▶ **WHAT THE TASK ASKS**: Leaving the pictures aside, transcribe the data below exactly.

** Opening SOURCE MATERIAL block **

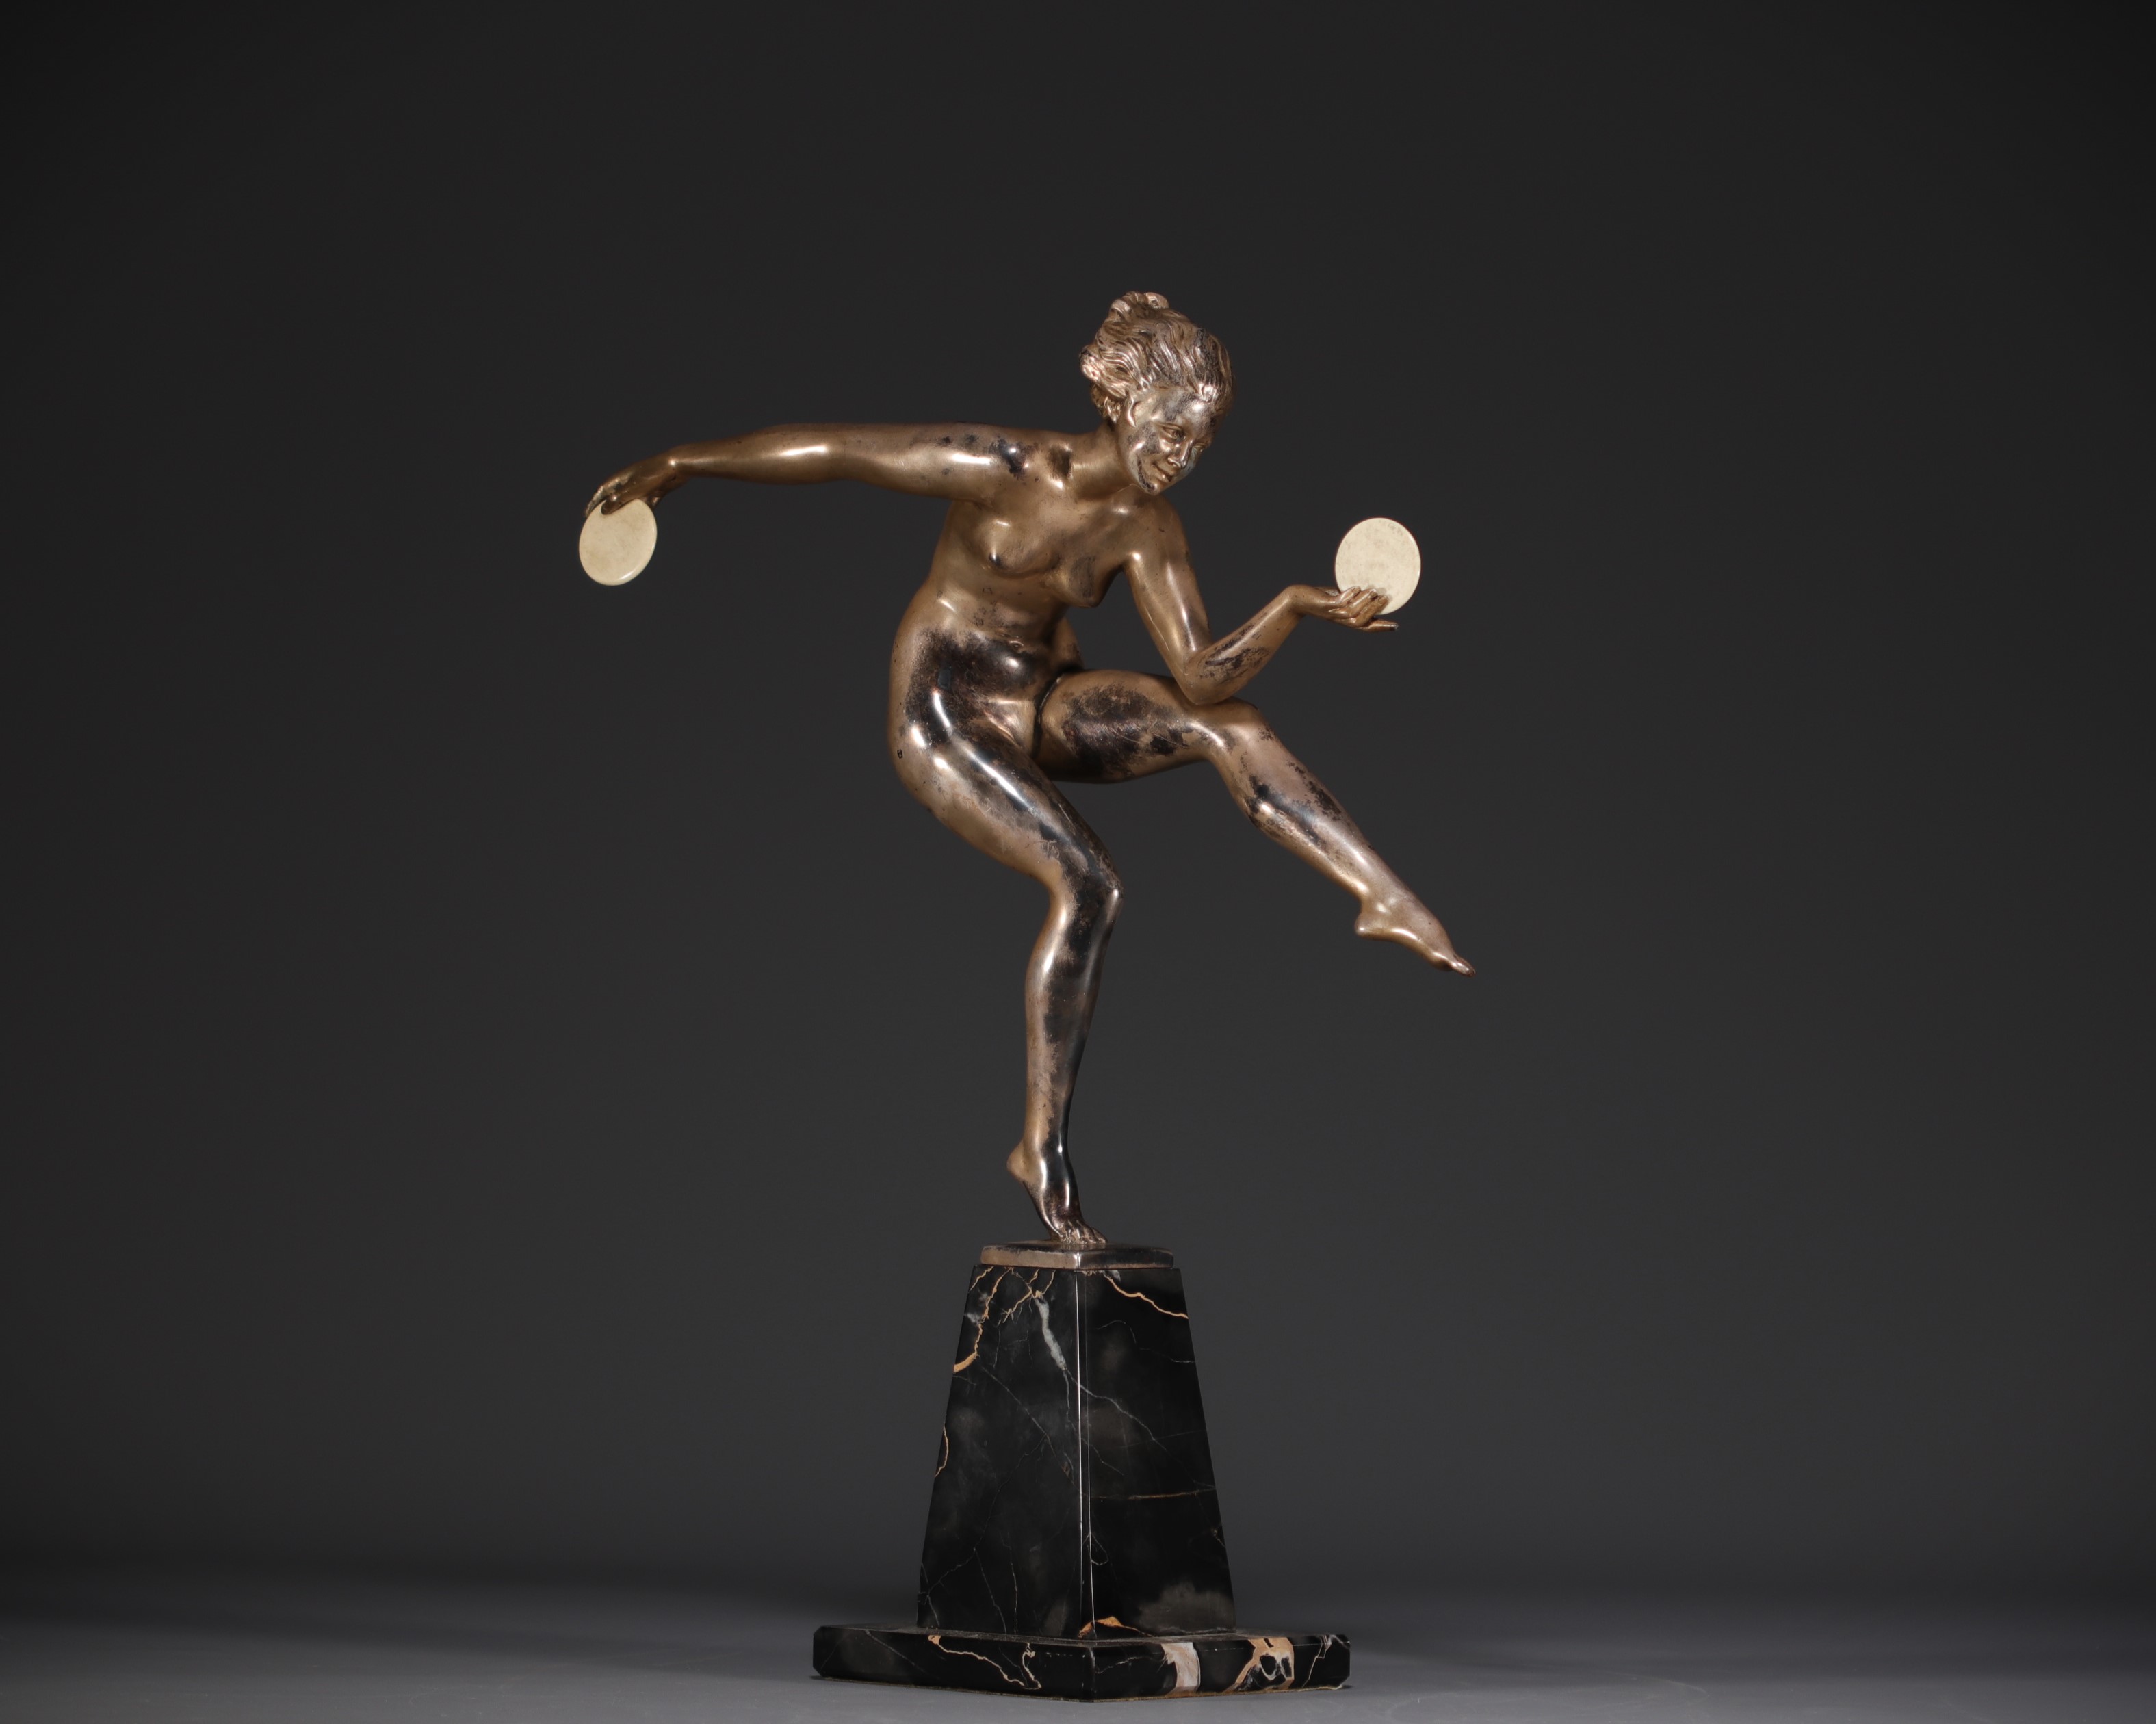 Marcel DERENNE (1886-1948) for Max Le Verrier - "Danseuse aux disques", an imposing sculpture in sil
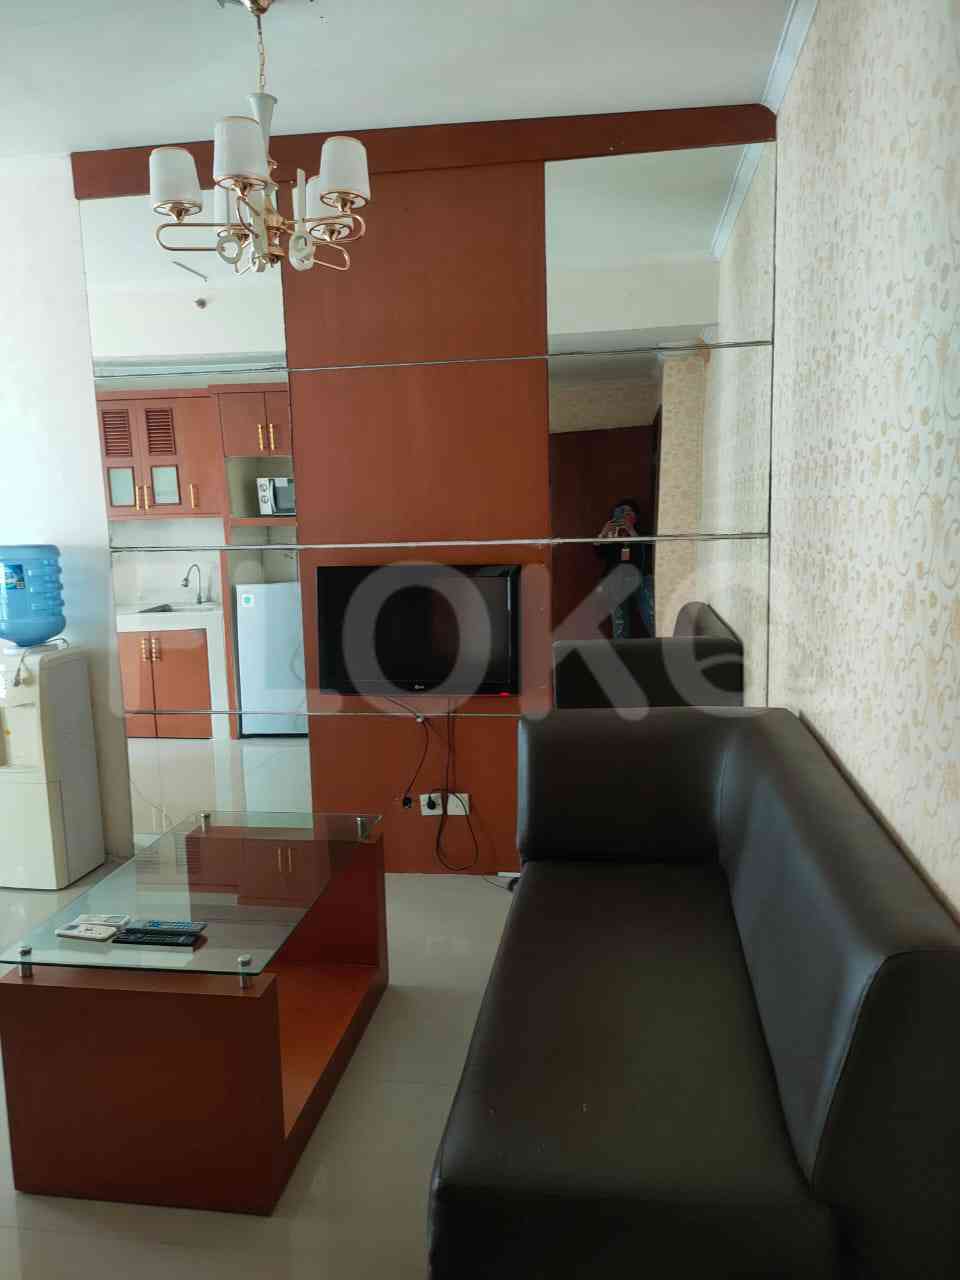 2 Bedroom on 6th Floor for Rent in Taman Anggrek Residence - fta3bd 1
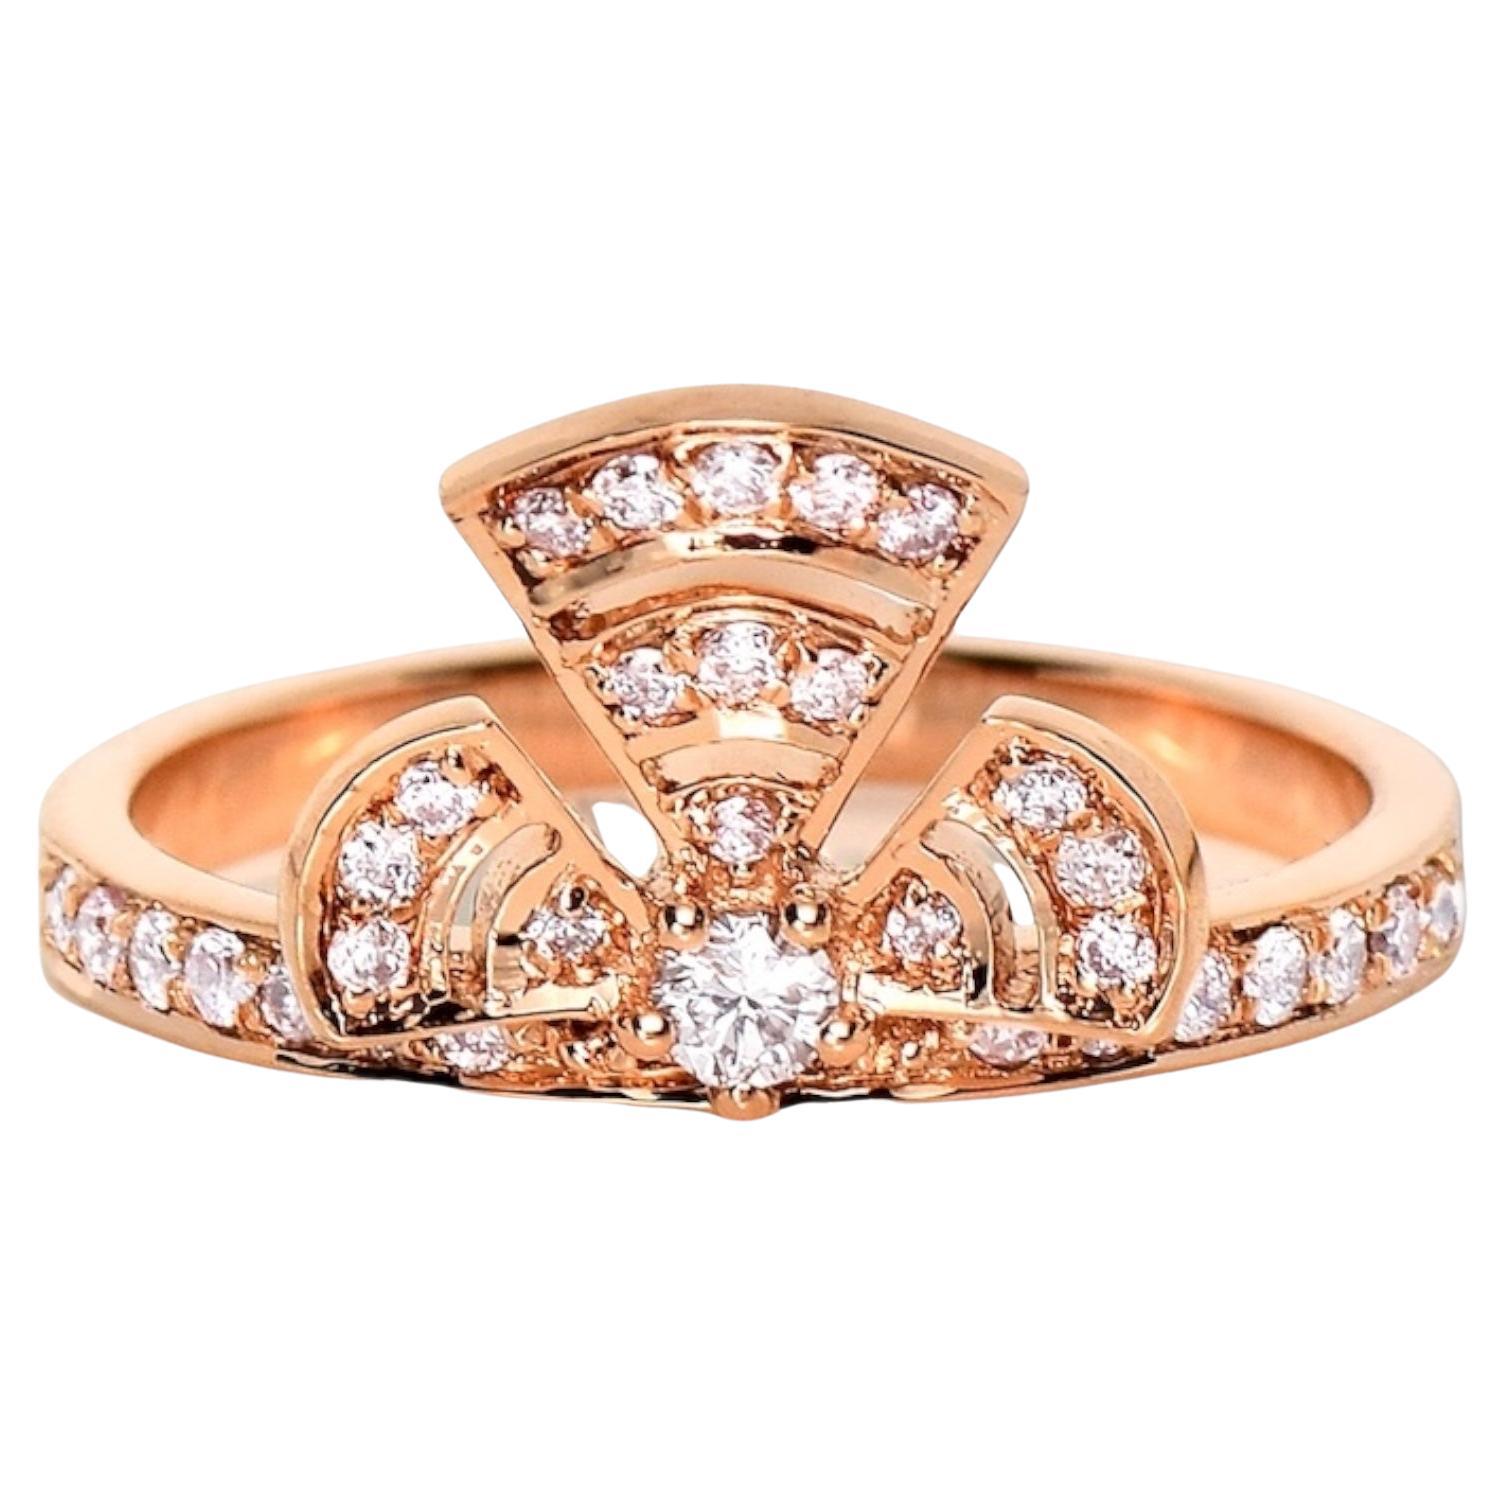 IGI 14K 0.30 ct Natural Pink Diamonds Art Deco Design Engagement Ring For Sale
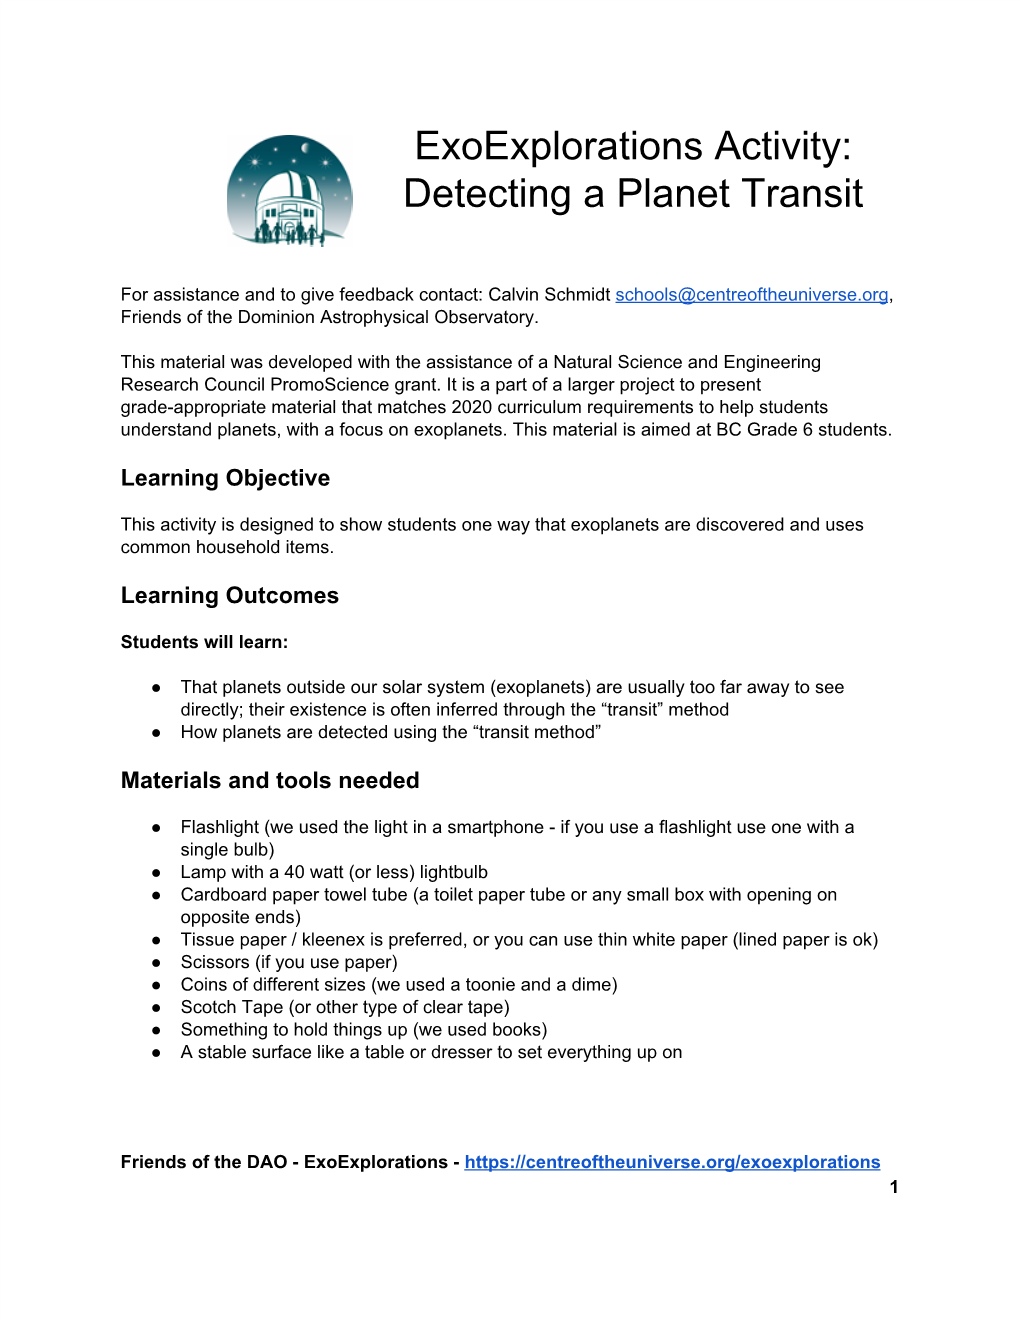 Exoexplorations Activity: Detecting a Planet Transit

** Closing SOURCE MATERIAL block **

▶ **TASK SOLUTION**:
 Marcel DERENNE (1886-1948) for Max Le Verrier - "Danseuse aux disques", an imposing sculpture in sil
 2 Bedroom on 6th Floor for Rent in Taman Anggrek Residence - fta3bd 1
 IGI 14K 0.30 ct Natural Pink Diamonds Art Deco Design Engagement Ring For Sale
 Exoexplorations Activity: Detecting a Planet Transit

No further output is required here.